ニュース暗号資産トランプ大統領の暗号資産会合、デジタル資産主導権獲得に向け米国は「減速しない」と専門家が指摘

トランプ大統領の暗号資産会合、デジタル資産主導権獲得に向け米国は「減速しない」と専門家が指摘

著者: Fox Business Markets·

重要ポイント

  • CLARITY法案はデジタル資産の法的定義を定め、SECとCFTCに対してより明確なルールの下で同セクターを規制するよう促すものだ。
  • 同法案は7月に308対122の票で下院を通過し、上院での審議を待っている。
  • コーディ・カーボン氏は、トランプ大統領が9月に同法案に署名して法制化したい意向だと述べた。
  • 法案が停滞した場合、SECやCFTCなどの規制当局がルール制定を通じて多くの条項を実施する方向で動く可能性がある。
  • ホワイトハウス会合では、暗号資産、ブロックチェーン、人工知能にわたる米国のイノベーションも強調された。
トランプ大統領の暗号資産会合、デジタル資産主導権獲得に向け米国は「減速しない」と専門家が指摘

ドナルド・トランプ大統領と米国の金融規制当局の幹部らは水曜日、ホワイトハウスで暗号通貨・デジタル資産業界の主要人物を集めた会合を開いた。政権と業界が共に最優先課題と位置づける主要立法が、最終段階に近づいている最中のことである。

デジタル資産業界の業界団体であるThe Digital ChamberのCEO、コーディ・カーボン(Cody Carbone)氏も出席者の一人で、FOX Businessのインタビューで「最大の要点は、世界の暗号資産の首都となるという米国の目標に向けて、減速するつもりはないということだった」と述べた。

「CLARITY法案、つまり我々の前にあるこの法案について多くの議論があった。そして、これを実現したいという願いと必要性があった」とカーボン氏は述べた。同氏は、法案が超党派の支持を得ていること、またトランプ大統領が9月に署名して法制化したい意向を示したことに言及した。

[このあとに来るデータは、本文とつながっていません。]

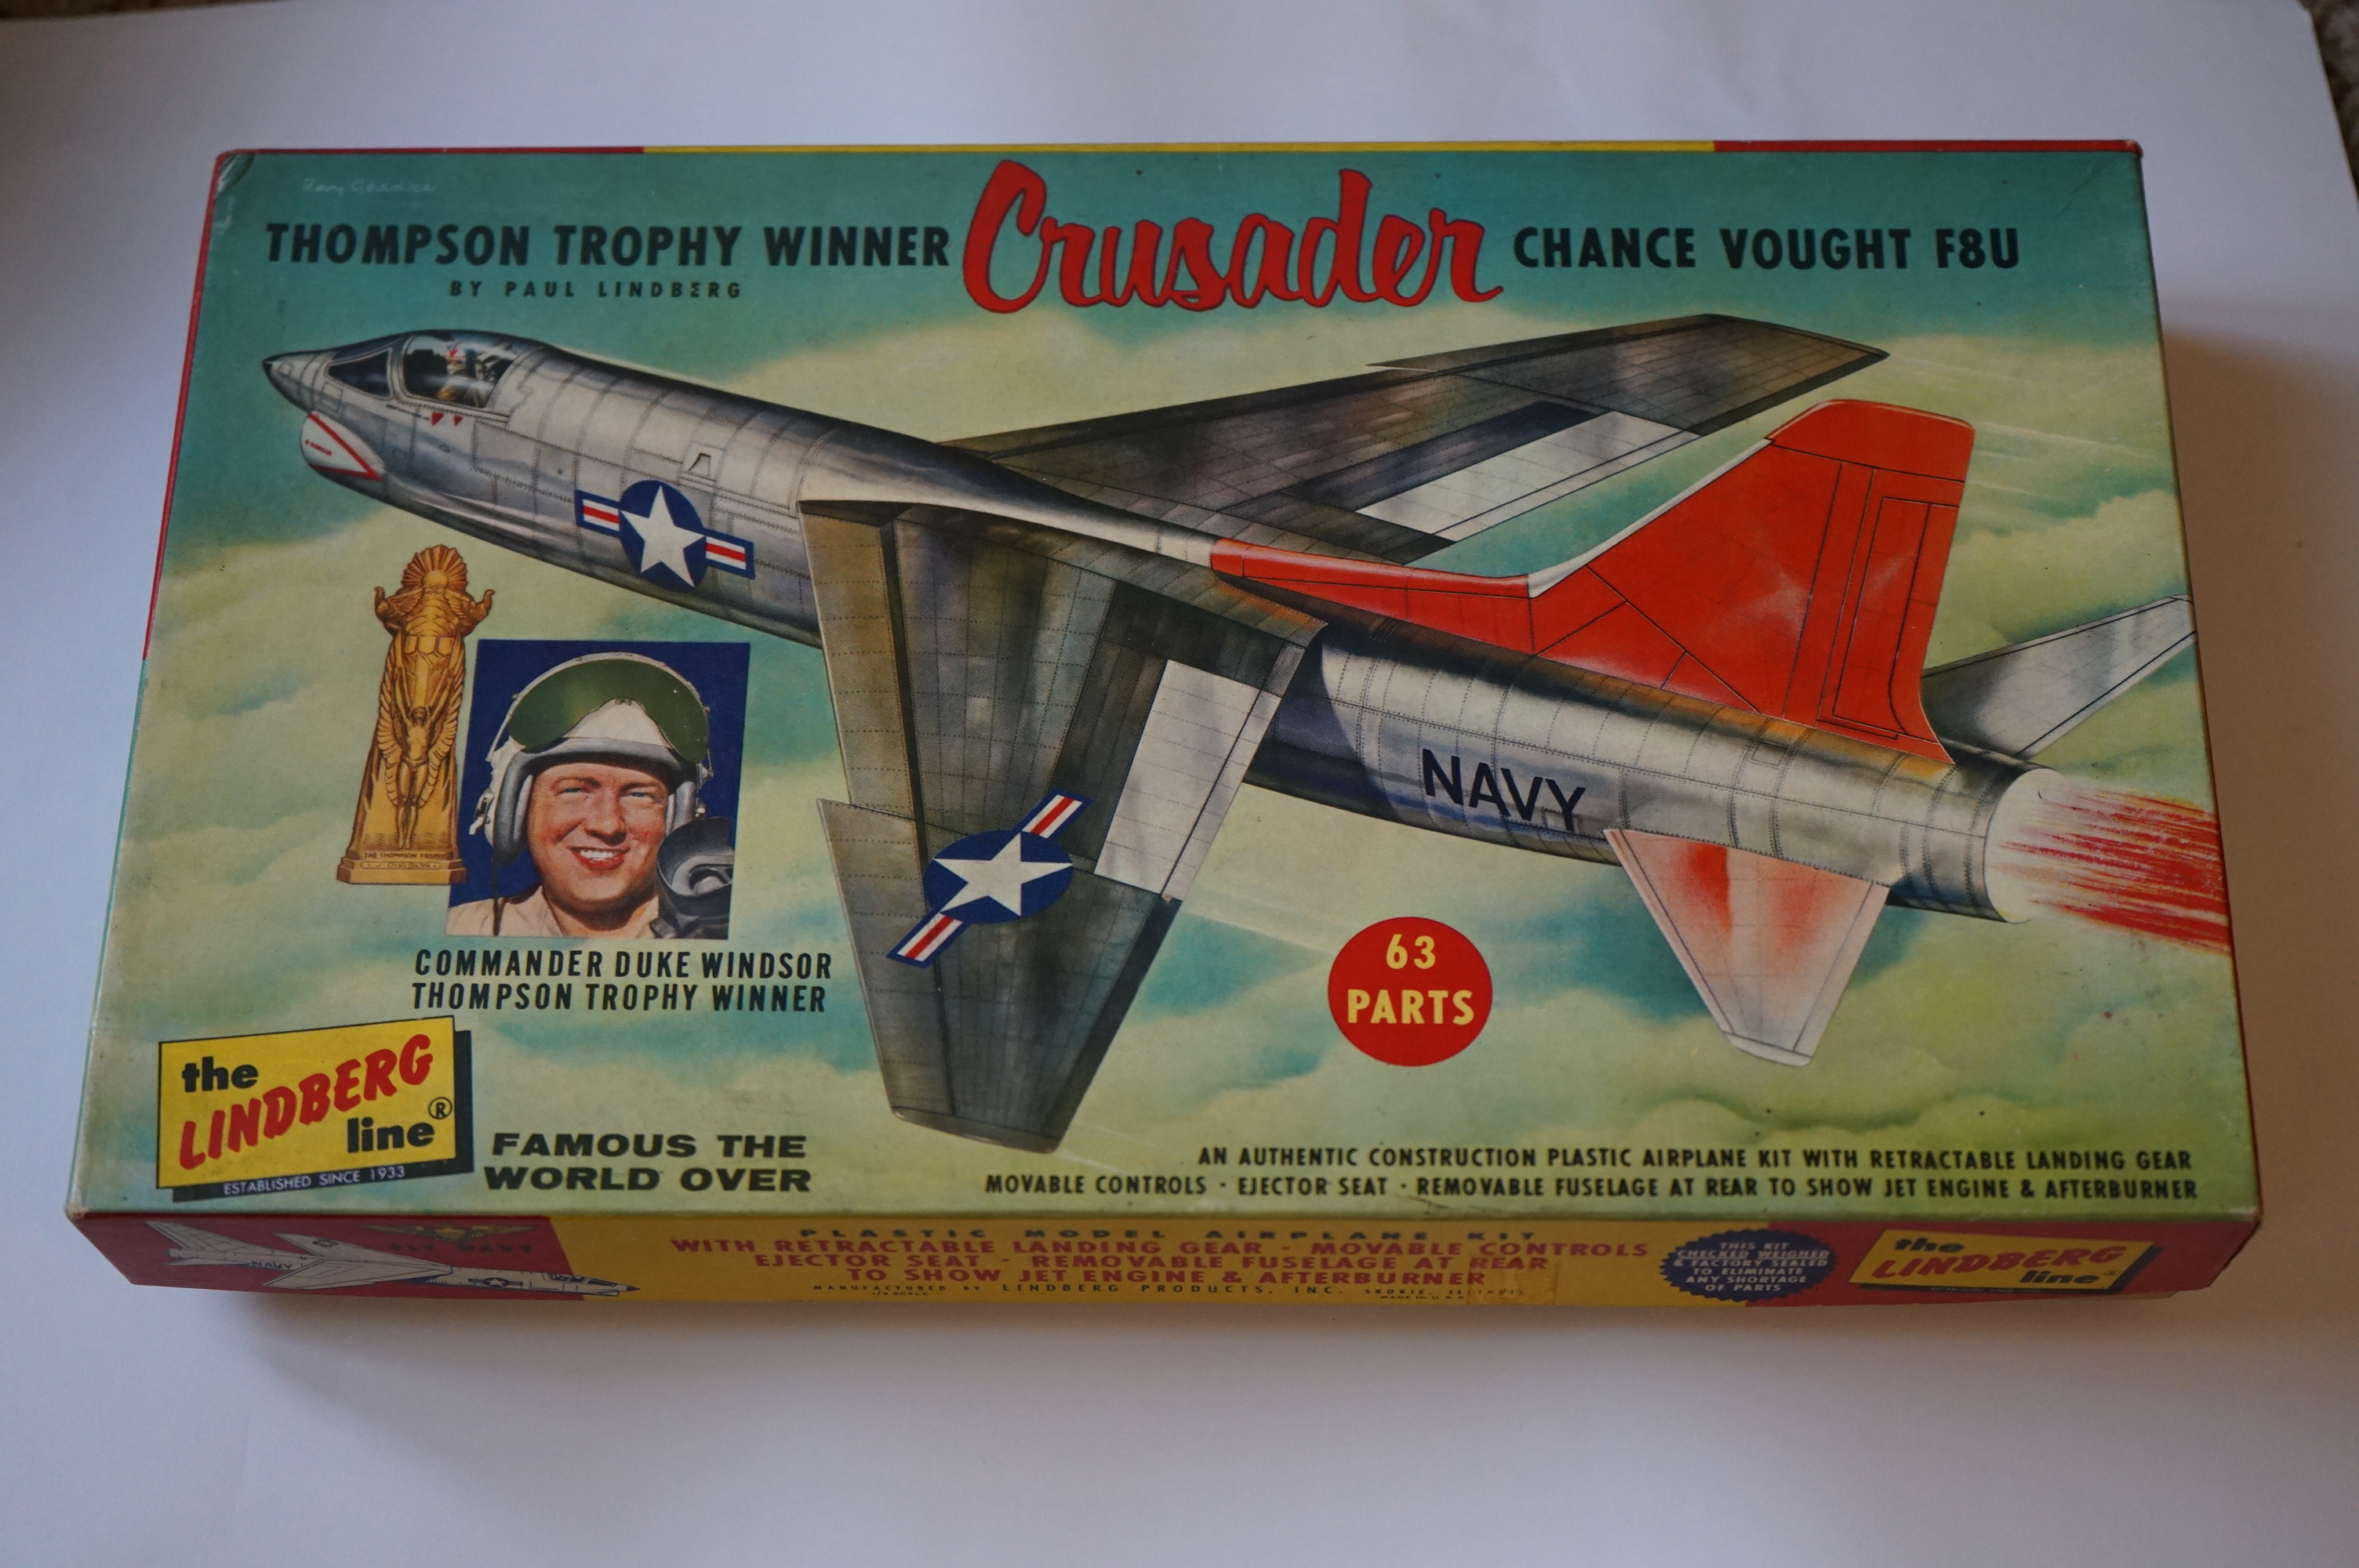 [Academy] 1/72 - Vought F-8 Crusader  - Page 6 1903120616477952916155895
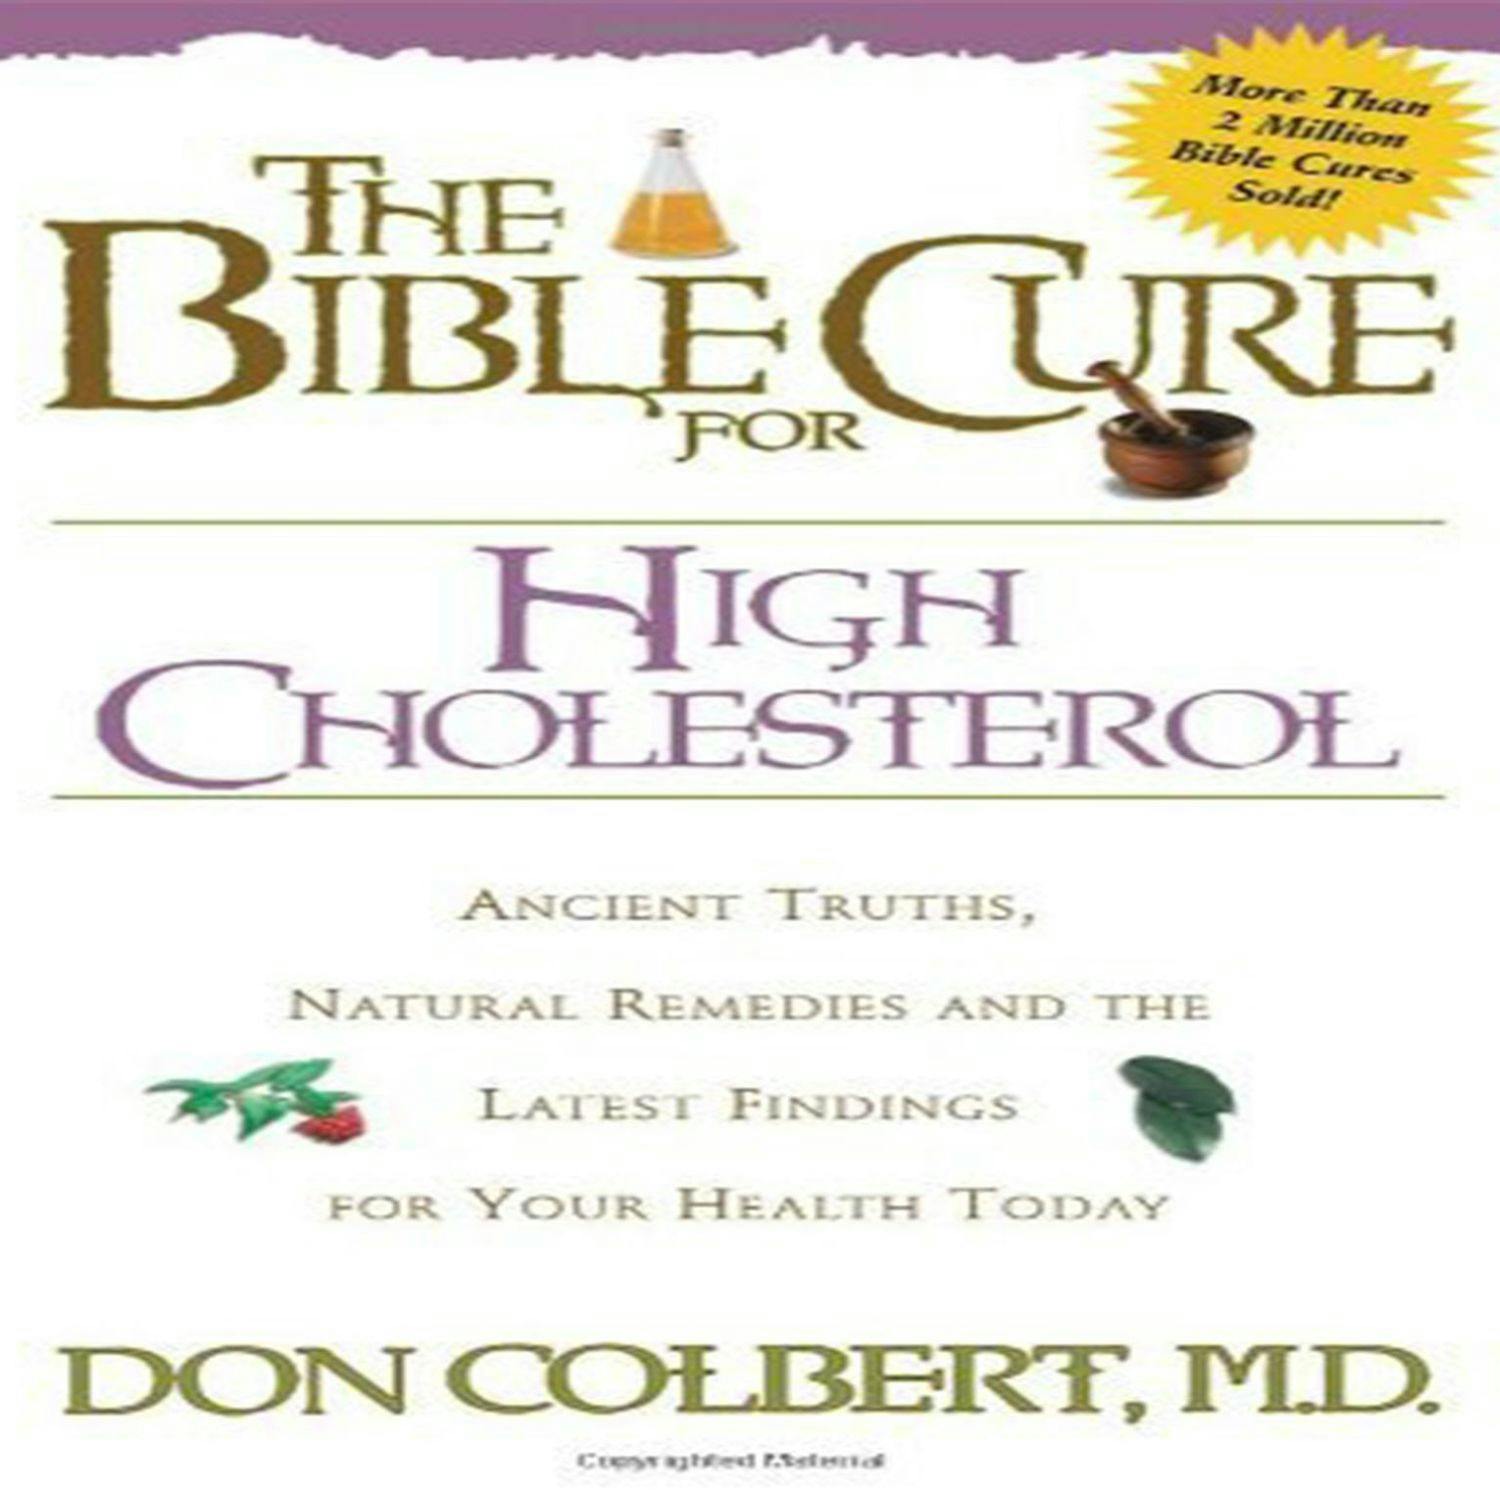 The Bible Cure for High Cholesterol: Ancient Truths, Natural Remedies, and the Latest Findings for Your Health Today - undefined

「大統領の発言と討論の内容から、米国政府とトランプ政権が必ずしも立法を待つつもりはないことは非常に明らかだった」とカーボン氏は述べた。「SECとCFTCは、このホワイトハウスから権限と、非常に迅速に動くという使命を与えられている」

CLARITY法案がもたらすもの

CLARITY法案は、デジタル資産、ネットワークトークン、デジタルコモディティなどの法的定義を確立するとともに、証券取引委員会(SEC)や商品先物取引委員会(CFTC)を含む規制機関に対し、重複したり矛盾したりする規則を生じさせることなく同セクターを規制するための権限を定めるものだ。

正式名称をデジタル資産市場明確化法案(Digital Asset Market Clarity Act)という同法案は、7月に308対122の票で下院を通過し、残る立法上の障害は上院のみとなっている。両機関に監督権限が分割されていることは業界にとって長年不確実性の要因となっており、トークンが証券であるか商品であるかという問題が、長年にわたる強制措置や法廷闘争の構図を形作ってきた。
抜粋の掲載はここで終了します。